Signale der EU-Kommission Drohende Fahrverbote für Bonn wackeln

Brüssel/Berlin/Bonn · Auf Bitten aus Berlin signalisiert die EU-Kommission, dass Deutschland Fahrverbote bei nur geringfügiger Überschreitung der Grenzwerte als "unverhältnismäßig" umgehen darf. Damit steigt die Chance, die gerichtlich verhängten Fahrverbote für Bonn politisch zu verhindern.

Im Kampf gegen Diesel-Fahrverbote bekommt die Bundesregierung nun Unterstützung aus Brüssel. Auf eine entsprechende Bitte aus Berlin signalisierte die EU-Kommission am Mittwoch, dass Deutschland Fahrverbote bei nur geringfügiger Überschreitung der Grenzwerte als „unverhältnismäßig“ umgehen darf. Das könnte für Bonn bedeuten, dass drohende Fahrverbote nicht zum Tragen kommen.

Hintergrund sind die Klagen der Deutschen Umwelthilfe (DUH), die unter Bezug auf die Luftreinhalte-Richtlinie der Union in mehreren Städten Dieselfahrverbote erstritten hatte. Das Regelwerk der EU setzt einen Höchstwert von 40 Mikrogramm Stickoxid pro Kubikmeter Luft. Allerdings hatte die Bundesregierung stets argumentiert, dass eine Einhaltung dieser Vorgaben auch mit anderen Mitteln als drastischen Fahrverboten zu erreichen sind, wenn es nur um eine Überschreitung von bis zu 50 Mikrogramm gehe. Dann seien Maßnahmen, mit denen Dieselfahrzeuge ausgesperrt würden, überzogen.

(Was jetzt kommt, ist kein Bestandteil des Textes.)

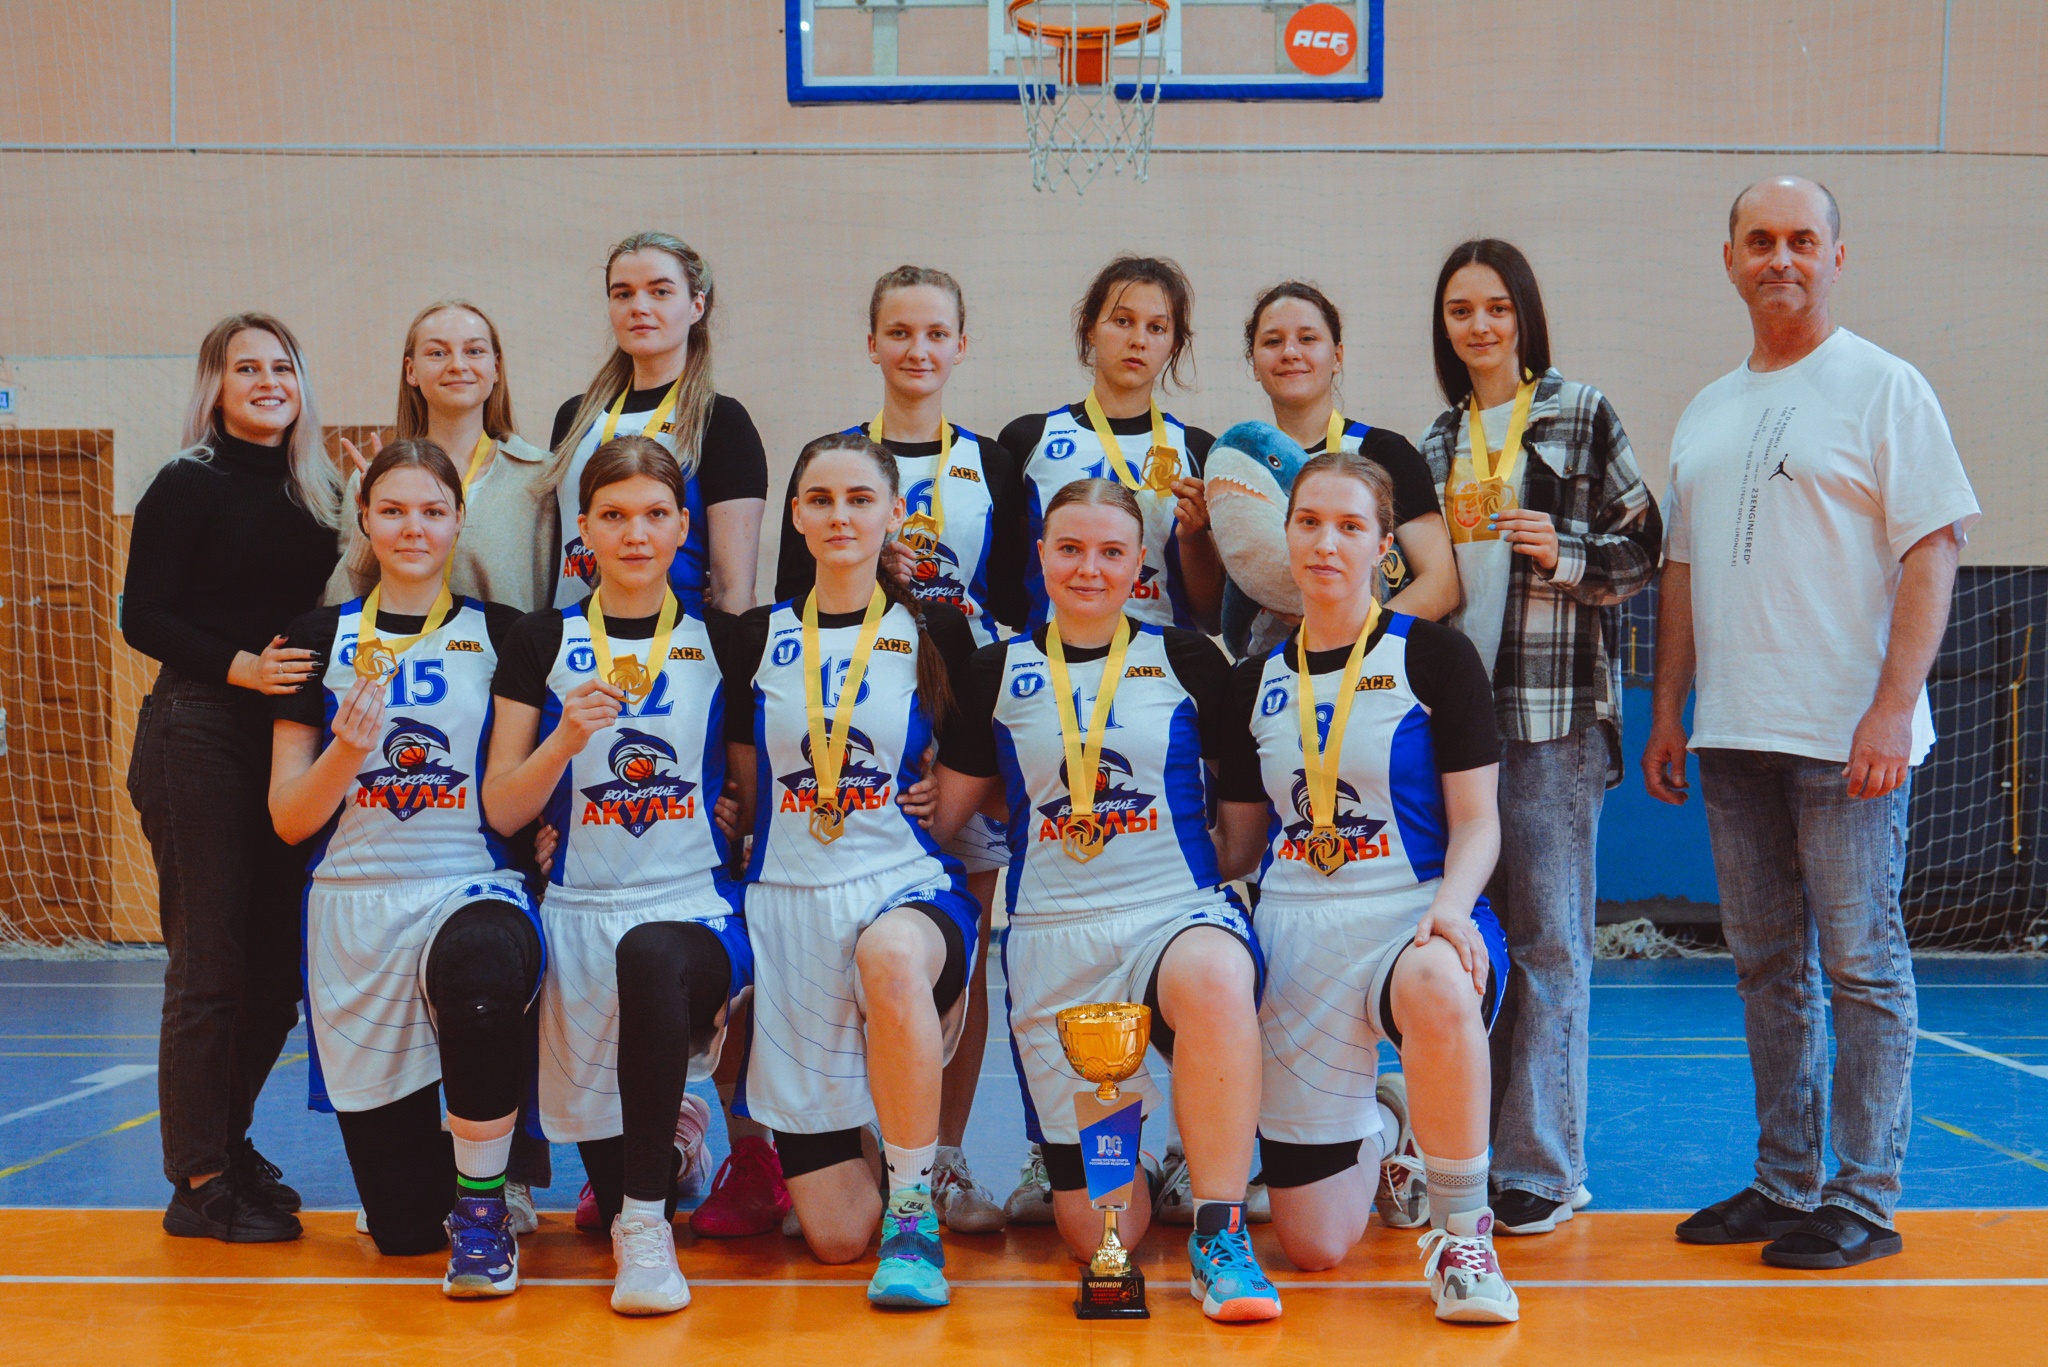  изображение для новости Баскетбол. Золото Чемпионата Ульяновской области среди женских команд!

In einer Stellungnahme betonte die Kommission am Mittwoch, dass die Richtwerte nicht verändert oder gar gelockert werden sollen. Allerdings sei es Sache der Mitgliedstaaten, wie die Belastung der Atemluft gesenkt werden kann. Fahrverbote habe Brüssel weder vorgeschrieben noch verlangt. Damit hat die Bundesregierung jetzt freie Hand, um auch mit anderen Mitteln für bessere Luft in den Städten zu sorgen.

Werden Fahrverbote politisch verhindert?

Der Umweltpolitiker der CDU-Europafraktion, der Mediziner Peter Liese, erklärte gegenüber unserer Zeitung: „Es gibt viele sinnvolle Maßnahmen, wie zum Beispiel die Nachrüstung von Bussen, Kommunalfahrzeugen und aus meiner Sicht auch Pkws. Dieselfahrverbote bei nur geringfügiger Überschreitung des Grenzwertes sind allerdings völlig unverhältnismäßig. Ich bin deshalb sehr froh, dass es jetzt von der Europäischen Kommission grünes Licht für ein entsprechendes deutsches Gesetz gibt.“

Mit großer Spannung wird nun in Brüssel eine Studie des EU-Parlamentes erwartet, die für Mitte März angekündigt ist. In ihr sollen die Standorte der Messstationen in fünf Mitgliedstaaten – darunter Deutschland – miteinander verglichen werden. Hintergrund: Vor allem in der Bundesrepublik gibt es den Verdacht, dass die deutschen Mess-Einrichtungen falsch aufgestellt wurden. Ziel der Luftreinhalte-Richtlinie sei es nämlich, nicht die punktuelle Belastung beispielsweise beim Überqueren einer Straße zu messen, sondern die Langzeitbelastung.

Im Falle der Gesetzesänderung stiege die Chance, die gerichtlich verhängten Fahrverbote für Bonn politisch zu verhindern. Hier lag der Höchstwert – an der Reuterstraße – zuletzt bei 47 Mikrogramm. Die Stadtverwaltung reagierte zunächst verhalten: Es handele sich lediglich um einen Gesetzesentwurf, die politischen Vorgänge in Brüssel und Berlin wolle man nicht kommentieren, sagte eine Sprecherin. Bekanntlich hatte das Verwaltungsgericht Köln auf Klage der Deutschen Umwelthilfe Reuterstraße und Belderberg für bestimmte Fahrzeugtypen gesperrt. Weil das Land Nordrhein-Westfalen Berufung einlegte, ist die Entscheidung nicht rechtskräftig.

Das Oberverwaltungsgericht Münster kündigte am Mittwoch einen Erörterungstermin für Mai an und stellte eine Entscheidung für August in Aussicht. Auch die mögliche Gesetzesnovelle im Bund werde dann thematisiert. „Es kann immer sein, dass sich im Laufe eines Verfahrens die Grundlage ändert“, sagte eine OVG-Sprecherin dem General-Anzeiger. Alles weitere müsse man nun abwarten.